Do you eat calcium foods wrong? Don't let “calcium” slip away

Can beef do calcium? Is eating vegetable not related to calcium supplementation? Whose milk is high in milk and milk? I believe this is a problem that many people are not necessarily clear about. Those who need calcium supplements, want to correct calcium in the diet, you must carefully select your food, together to correctly understand the common misconceptions of calcium in the diet.

How to promote calcium absorption in the diet is not necessarily known to everyone. If you are not careful, you may fall into the wrong zone and choose the wrong food. As a result, the absorption of calcium is hindered! Take a look at these common misconceptions about calcium supplements. What exactly happened to hit you?

1, think that eating beef is beneficial to bones

Many people believe that Westerners have strong bones because they love beef. In fact, many people who eat a lot of beef are people whose calcium deficiency is quite serious. This is because beef itself has extremely low calcium content. In fact, all meat is like this. At the same time, the meat contains a lot of "acidic elements", mainly phosphorus, sulfur and chlorine.

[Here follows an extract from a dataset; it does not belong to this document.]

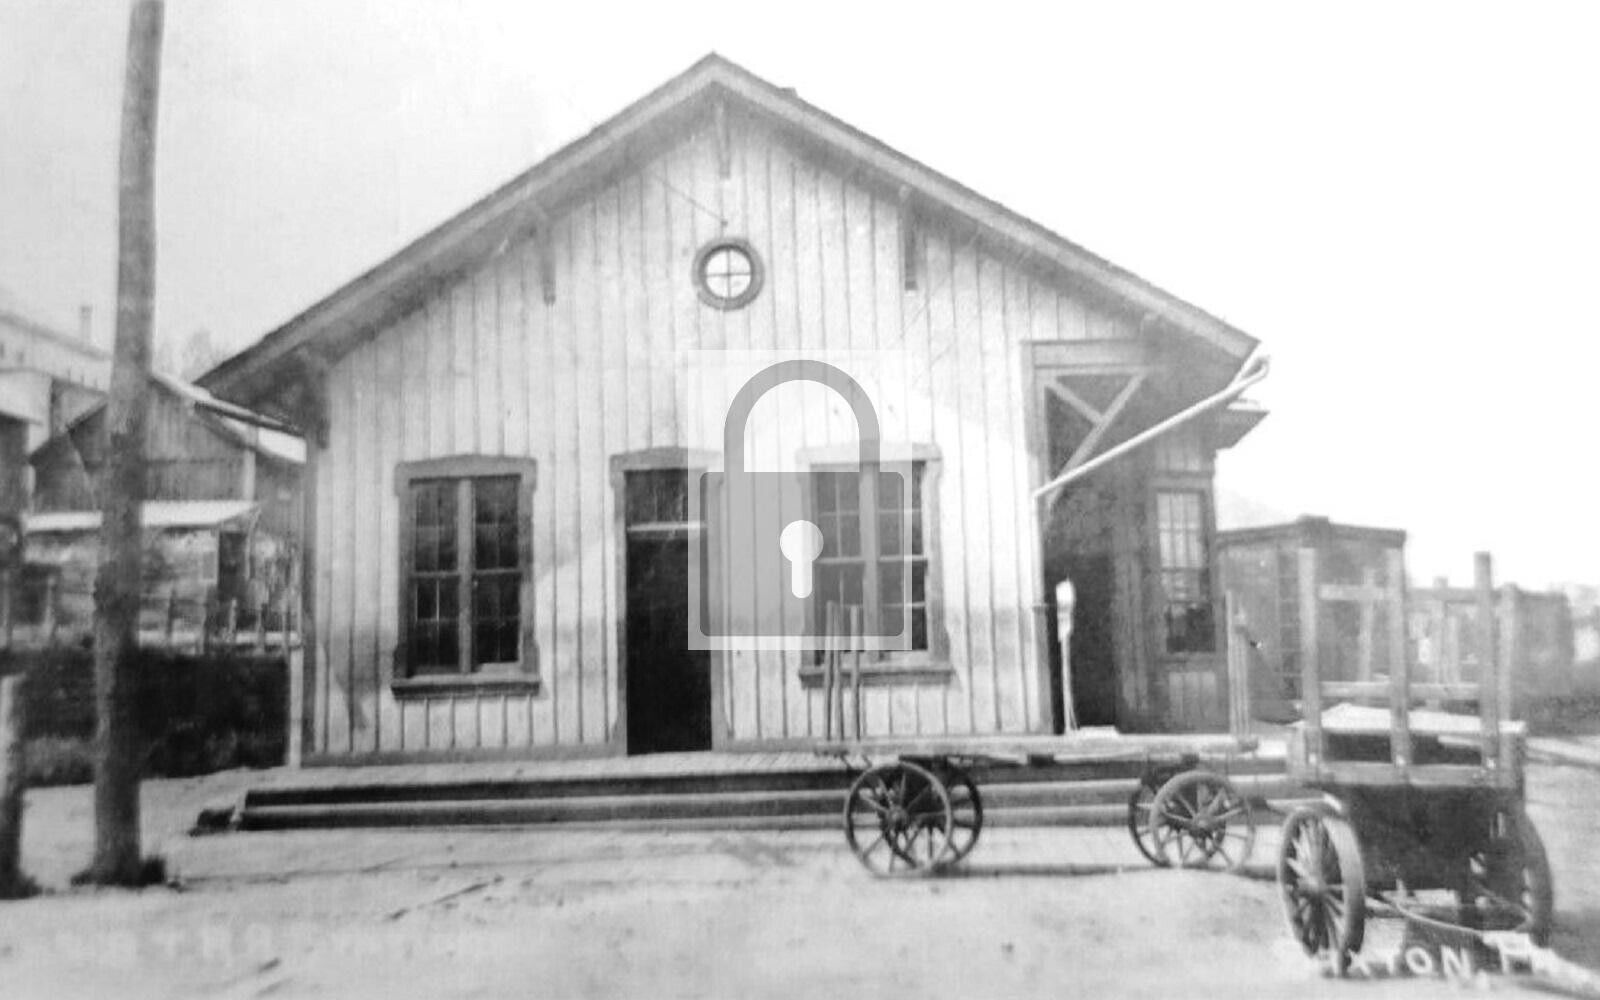 Railroad Train Station Depot Saxton Pennsylvania PA - 8x10 Reprint

They tend to make the blood acidic, and the body has to use the calcium ions in food and bones to neutralize acidic elements, thus increasing the loss of calcium in the body and reducing the absorption of calcium. Therefore, calcium-deficient middle-aged and elderly people should properly control the intake of meat, whether red meat or white meat.

2, that eating vegetables and bone health has nothing to do

While many people love animal food, they rarely pay attention to supplementing vegetables. They think that there are only some dietary fiber and vitamins in the vegetables, which have nothing to do with bone health. In fact, vegetables not only contain large amounts of potassium and magnesium, they can help maintain acid-base balance and reduce the loss of calcium. Some vegetables also contain a lot of calcium.

Green leafy vegetables are mostly medium sources of calcium, such as rapeseed, pakchoi, kale, celery, etc., are calcium vegetables that can not be ignored. Studies in recent years have confirmed that vitamin K in green leafy vegetables is a key factor in the formation of osteocalcin, and osteocalcin is essential for the deposition of calcium into bones.